Another program to look at, is Omnigraffle on OS X. There are a few major features that catches my eyes:
- Alignment "helpers". They are "snap-to"-able lines that appear only when they are needed. Assume you have objects A, B, and you are moving A. If A.center.x and B.center.x happen to align (or are close), you see a fine vertical line passing from both centers. The movement snaps to this line when it appears.
Also, there should be shortcut keys for "align to the center of last selected object", and such. Multi-key shortcut keys are most appropriate for this set of verbs.
- A group of an object and a piece of text. The text should not resize when the group is resized. (a similar toggle button to "do not change stroke width when resizing object" should be there, besides the other 4).
- Shadow as an "effect" on an object. This is one is long overdue, because SVG doesn't have a good filter spec IIUC. Something like the text-shadow (or was it just shadow) property in HTML could be incorporated in SVG.
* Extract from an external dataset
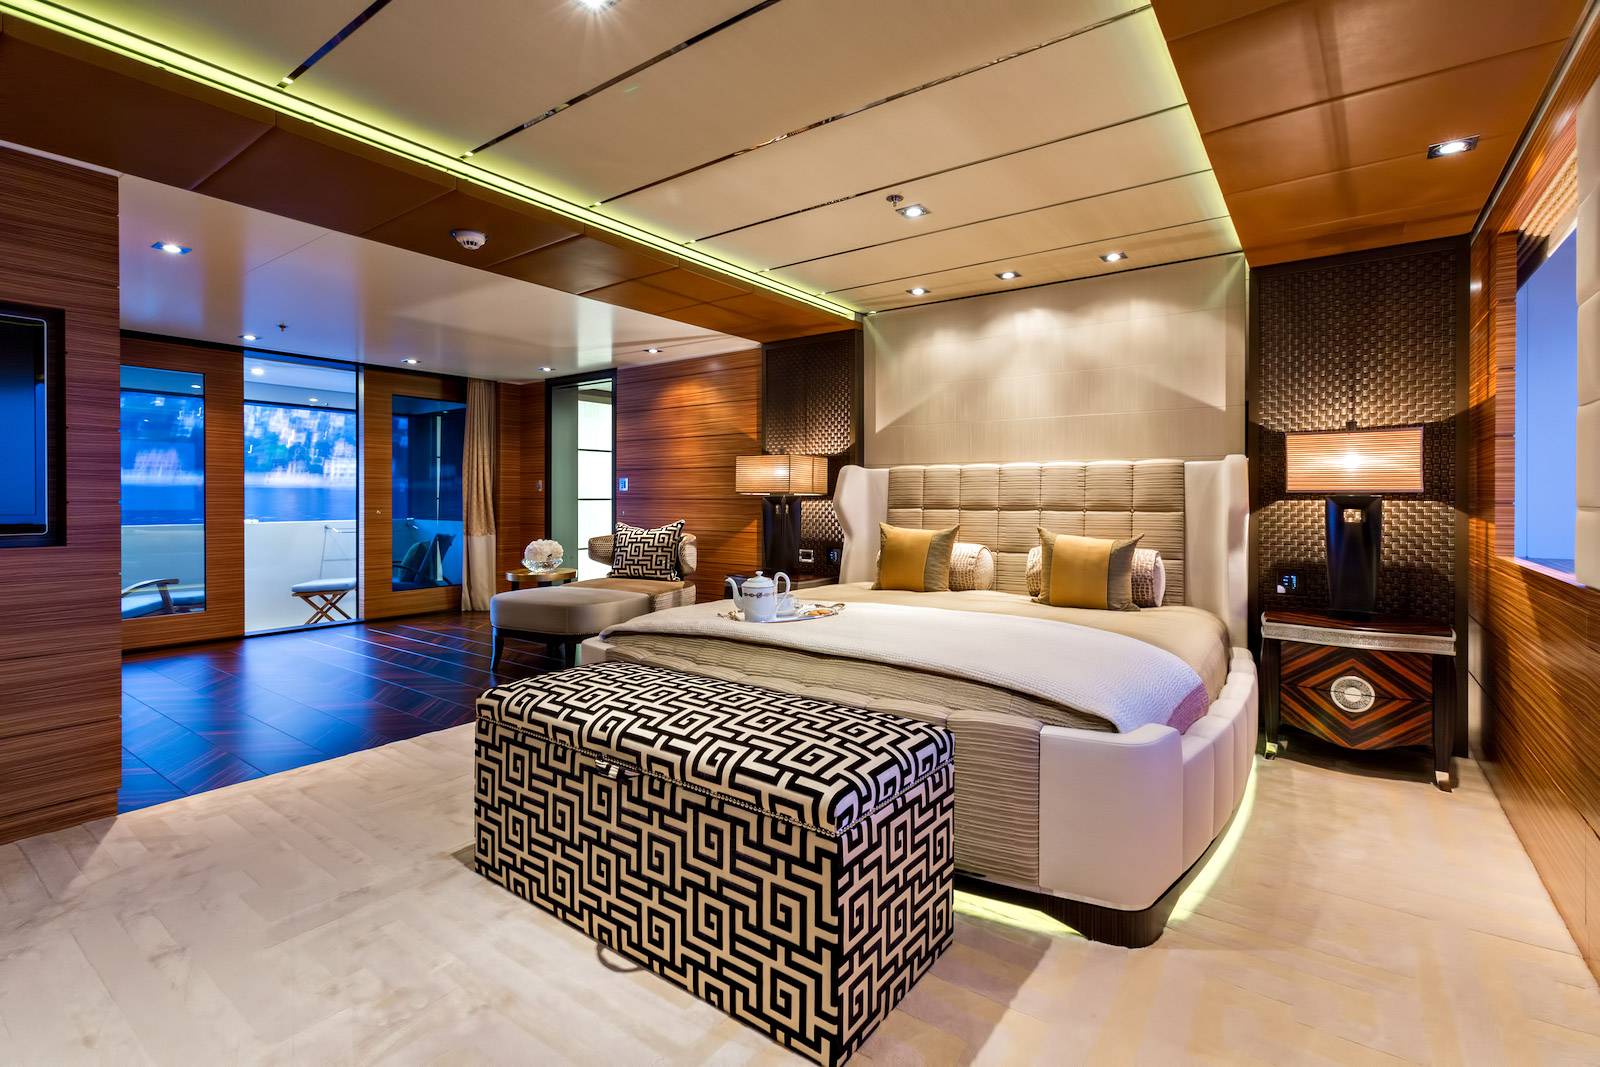 LARISA Superyacht - Dutch Built Quality and Spectacular Luxury Design

- Connectors and alignments. Ctrl-F2 is good , it just needs to be extended. A few automatic-alignment python plugins can align connected objects according to some policies.
- A library browser facility, but not like the ones that most other programs have provided. I have been successfully using another inkscape window showing e.g. "library-of-$THING.svg". That file contains objects I have drawn earlier about $THING.
In other words, perhaps only a very few extra bits are needed to make a good library facility. What I like to use as a library browser is an inkview window, after inkview is matured, or a Firefox (3.1+) window with some javascript extensions (search ~/.inkscape/library/*.svg, search openclipart.org, etc.)